Generative semantic communications (GSC) represent a paradigm shift in the design of communication systems, in which the delivery objective transitions from transmitting bit-accurate data to conveying meaning and enabling information regeneration at the receiver. By integrating advanced generative artificial intelligence (GAI) models—particularly large-scale generative models—into the semantic communication loop, GSC systems achieve highly efficient, robust, and flexible content delivery across modalities such as text, images, video, and speech. GSC leverages context reasoning, automated background-knowledge provisioning, and AI-driven joint source–channel coding (JSCC) to transmit only the core task-relevant semantics, allowing the receiver to reconstruct, regenerate, or calibrate content, thereby minimizing semantic distortion and drastically reducing resource consumption while preserving meaning (Xia et al., 2023, Ren et al., 2024, Yuan et al., 21 Apr 2025, Qin et al., 11 Nov 2025).

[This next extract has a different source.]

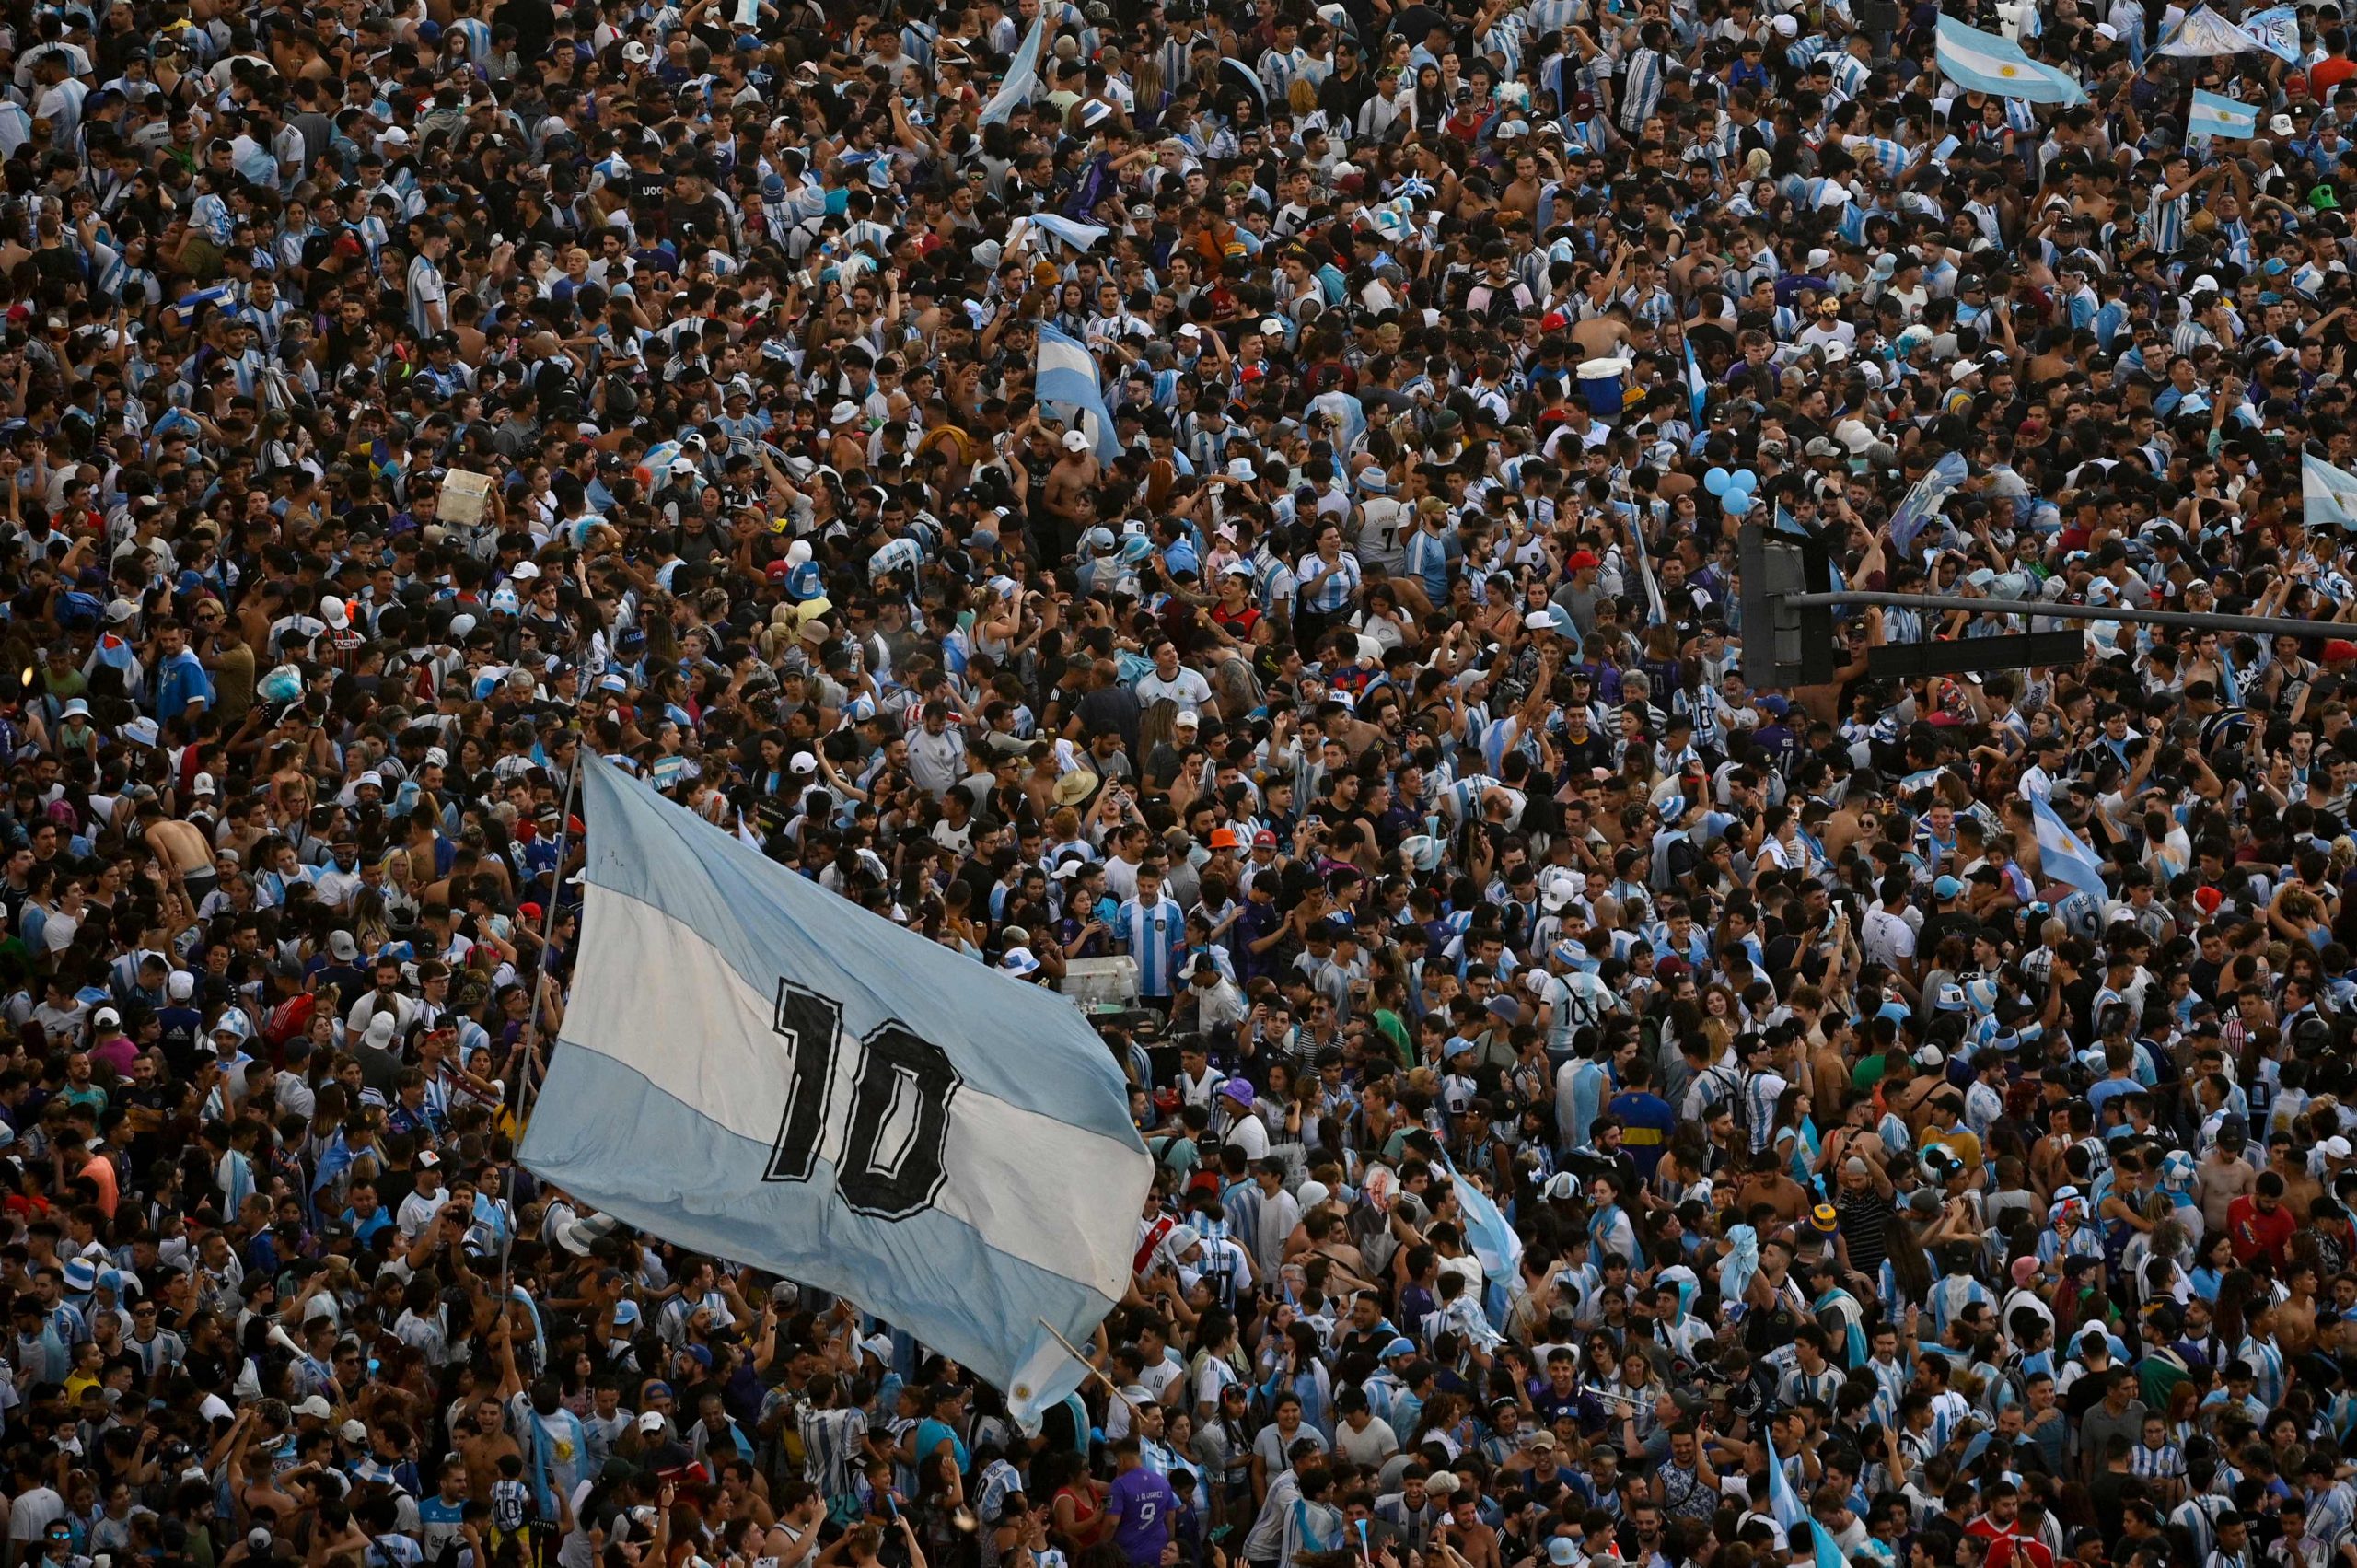 Festejos na Argentina acabam em tragédia
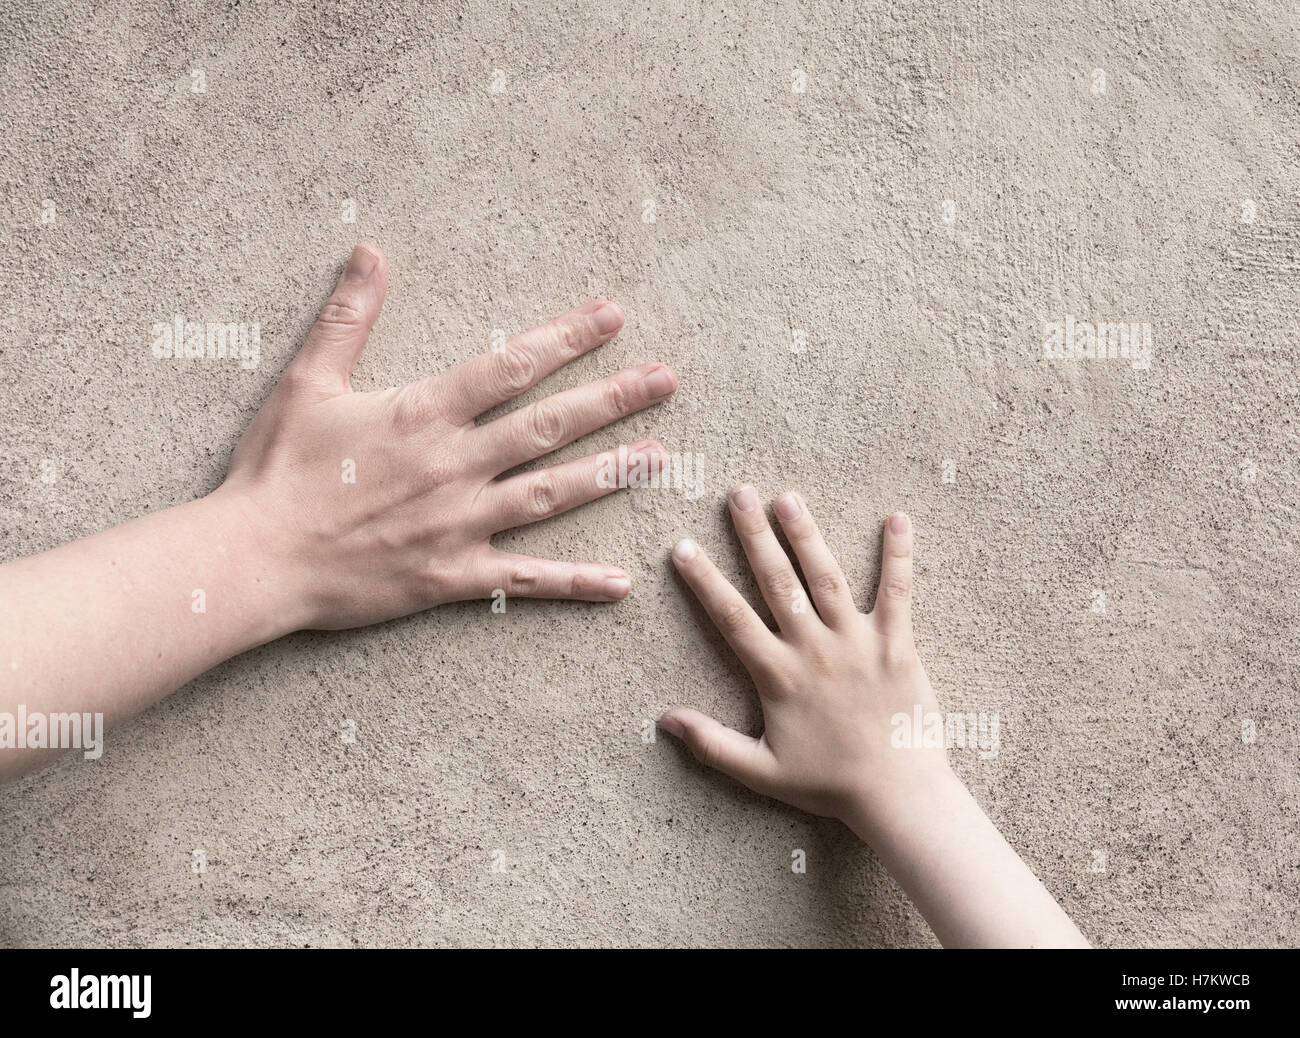 Les deux mains de la connexion. Adulte et enfant part rencontrer, toucher un mur. Image conceptuelle de la liaison entre le parent et l'enfant. Banque D'Images

1. Fundamental Principles and Core Concepts
At its foundation, generative semantic communication departs from the conventional Shannon paradigm, which focuses on bit-level reliability, and re-orients communication toward semantic fidelity. In semantic communication (SemCom), a transmitter equipped with background knowledge extracts only the "core semantic features" of a source message (S), which are then transmitted. The receiver, possessing an equivalent knowledge base, decodes and reconstructs the intended meaning, permitting bit errors if they do not increase the semantic distortion function (Xia et al., 2023). GSC generalizes this framework by integrating GAI models into each phase:
- Automated knowledge provisioning: GAI constructs global and personalized knowledge, ensuring knowledge alignment across nodes.
- Context reasoning and prompt-driven inference: Local and cloud-based GAI models extract minimal semantic prompts (keywords and communication goals), which drive both uplink traffic reduction and semantic-level JSCC.
- Multimodal generation and calibration: Powerful generative models (e.g., diffusion models, transformer architectures) at the receiver reconstruct or refine semantic payloads, correcting errors and inpainting missing information in a meaning-preserving manner (Xia et al., 2023, Ren et al., 2024, Qin et al., 11 Nov 2025).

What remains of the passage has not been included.